Smith admitted to the infraction, but made the case, with agent Jeff Berry, that the length of the suspension was onerous. Also on hand for morning meeting in a conference room at Busch Stadium were MLB executive vice president of administration John McHale, senior vice president of standards and on-field operations Joe Garagiola Jr. and labor relations counsel Kasey Sanossian, plus a representative from the MLB Players Association, Brewers manager Craig Counsell and Brewers senior director of baseball operations Tom Flanagan. The session lasted less than an hour.
"I felt comfortable leaving the meeting very well-represented," Smith said. "Plus, it was nice to have your manager there, too, just support-wise. That felt good, too. Just a little confidence booster to have him there.
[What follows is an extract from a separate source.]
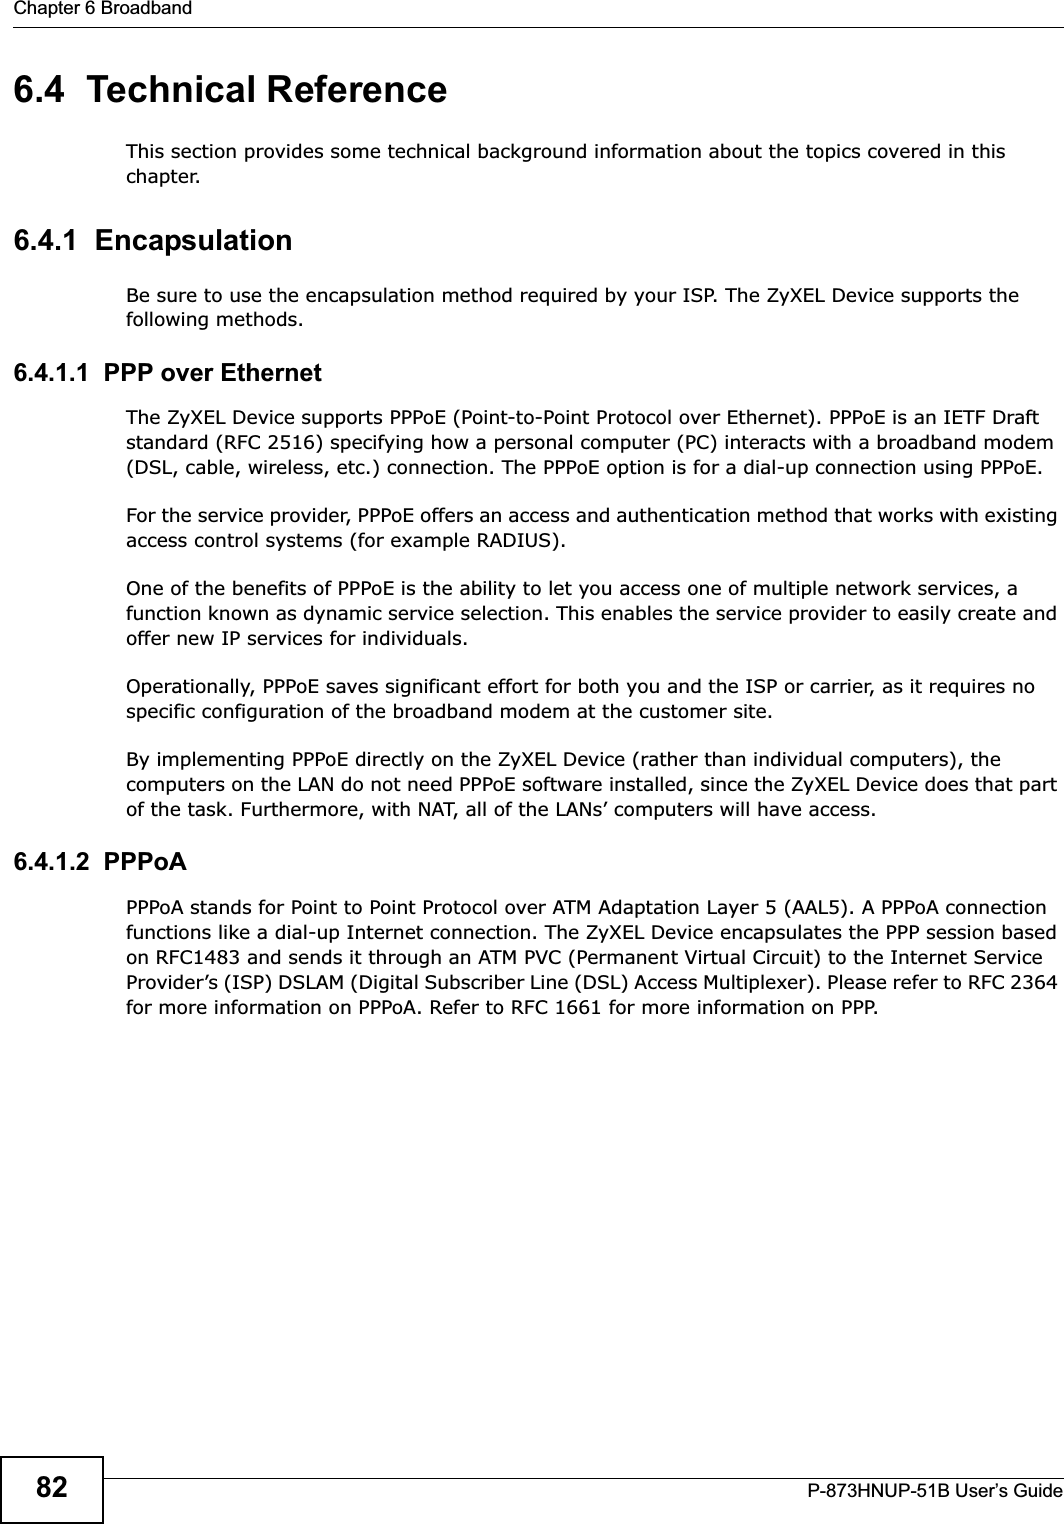 Chapter 6 BroadbandP-873HNUP-51B User’s Guide826.4  Technical ReferenceThis section provides some technical background information about the topics covered in this chapter.6.4.1  EncapsulationBe sure to use the encapsulation method required by your ISP. The ZyXEL Device supports the following methods.6.4.1.1  PPP over EthernetThe ZyXEL Device supports PPPoE (Point-to-Point Protocol over Ethernet). PPPoE is an IETF Draft standard (RFC 2516) specifying how a personal computer (PC) interacts with a broadband modem (DSL, cable, wireless, etc.) connection. The PPPoE option is for a dial-up connection using PPPoE.For the service provider, PPPoE offers an access and authentication method that works with existing access control systems (for example RADIUS).One of the benefits of PPPoE is the ability to let you access one of multiple network services, a function known as dynamic service selection. This enables the service provider to easily create and offer new IP services for individuals.Operationally, PPPoE saves significant effort for both you and the ISP or carrier, as it requires no specific configuration of the broadband modem at the customer site.By implementing PPPoE directly on the ZyXEL Device (rather than individual computers), the computers on the LAN do not need PPPoE software installed, since the ZyXEL Device does that part of the task. Furthermore, with NAT, all of the LANs’ computers will have access.6.4.1.2  PPPoAPPPoA stands for Point to Point Protocol over ATM Adaptation Layer 5 (AAL5). A PPPoA connection functions like a dial-up Internet connection. The ZyXEL Device encapsulates the PPP session based on RFC1483 and sends it through an ATM PVC (Permanent Virtual Circuit) to the Internet Service Provider’s (ISP) DSLAM (Digital Subscriber Line (DSL) Access Multiplexer). Please refer to RFC 2364 for more information on PPPoA. Refer to RFC 1661 for more information on PPP.

He didn't have to do that.
"My agent did all his homework. He said since 2014 I've thrown in 102 games, which is second in the [National League] and third-most in baseball, so an eight-game suspension is terrifying for someone who throws that much. Obviously we don't want a suspension at all but they are going to suspend me. At least cut this down, because if it were an eight-game suspension, there's a reasonable chance I would throw in four of those games. Half of them. So that's what our side was."
Smith admitted to pitching against the Braves on May 21 with a mixture of rosin and sunscreen on his arm, saying he used it warming up in the bullpen to get a grip on the baseball.
"I just honestly forgot to wipe it off," Smith said. "That's the other thing -- after 102 games I've never been in trouble, never been thrown out of a game or fined. It was an honest mistake. I had zero intent on going out there with all that stuff on my arm. That was our main point there. I think we left the room happy, so we'll see when it comes out."